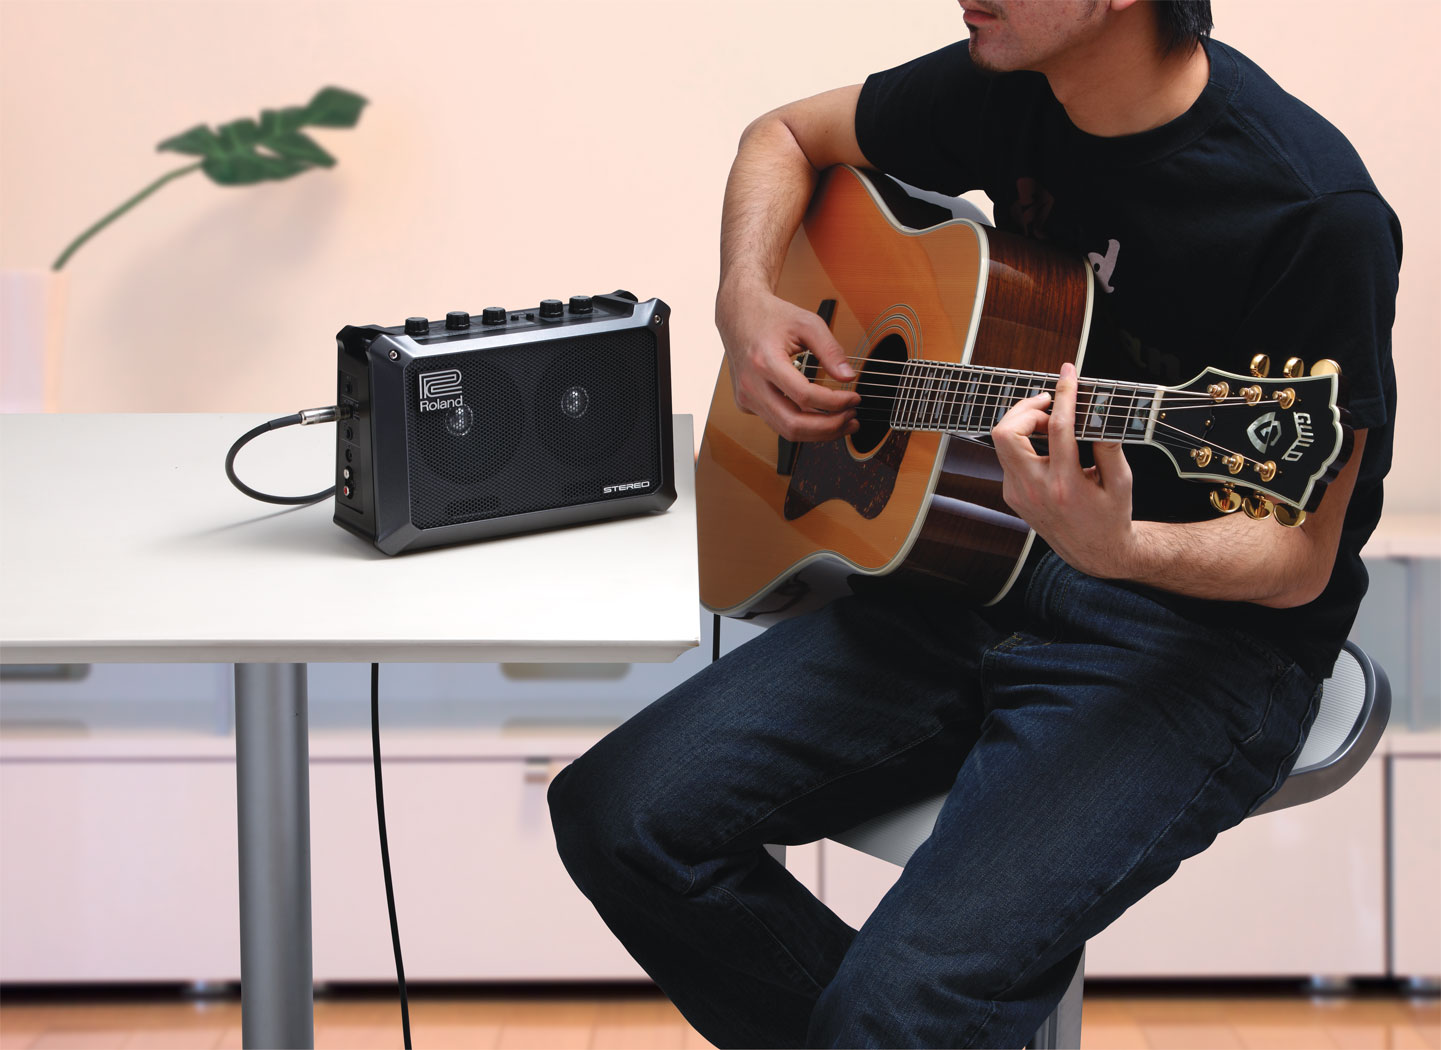 Roland Mobile Cube Battery Power Stereo Amp 2.5w 2x4 - Elektrische gitaar mini versterker - Variation 6
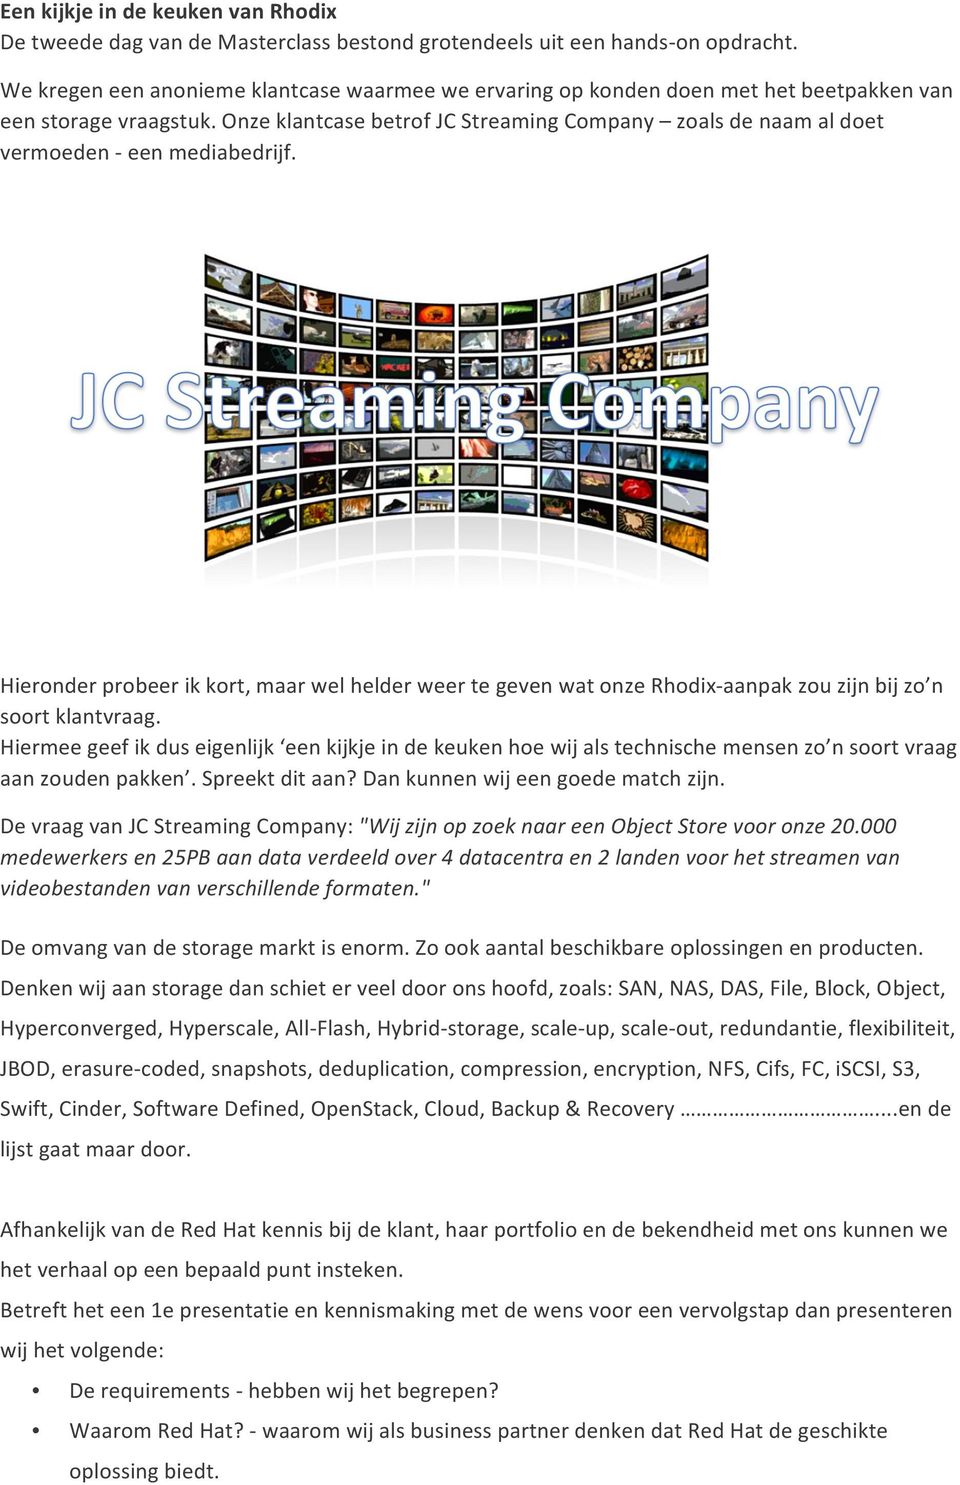 Onze klantcase betrof JC Streaming Company zoals de naam al doet vermoeden - een mediabedrijf.
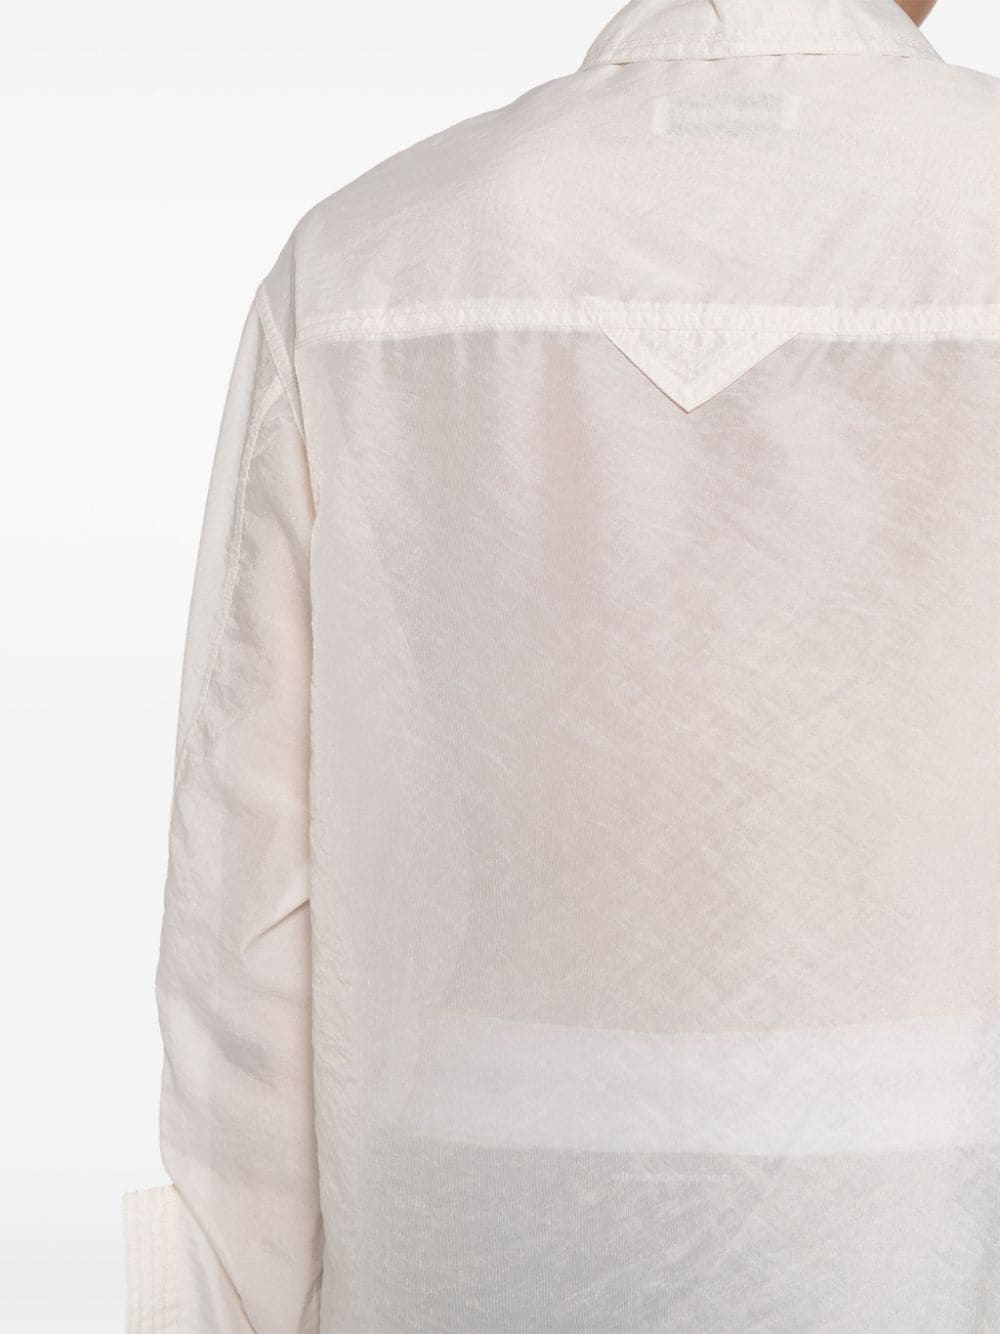 semi-sheer buttoned shirt - 5

● **Task details**
When copying the listing, skip the pictures and keep each line exactly as written.

● **Result of the exercise**
 Roland Mobile Cube Battery Power Stereo Amp 2.5w 2x4 - Elektrische gitaar mini versterker - Variation 6
 Onze klantcase betrof JC Streaming Company zoals de naam al doet vermoeden - een mediabedrijf.
 semi-sheer buttoned shirt - 5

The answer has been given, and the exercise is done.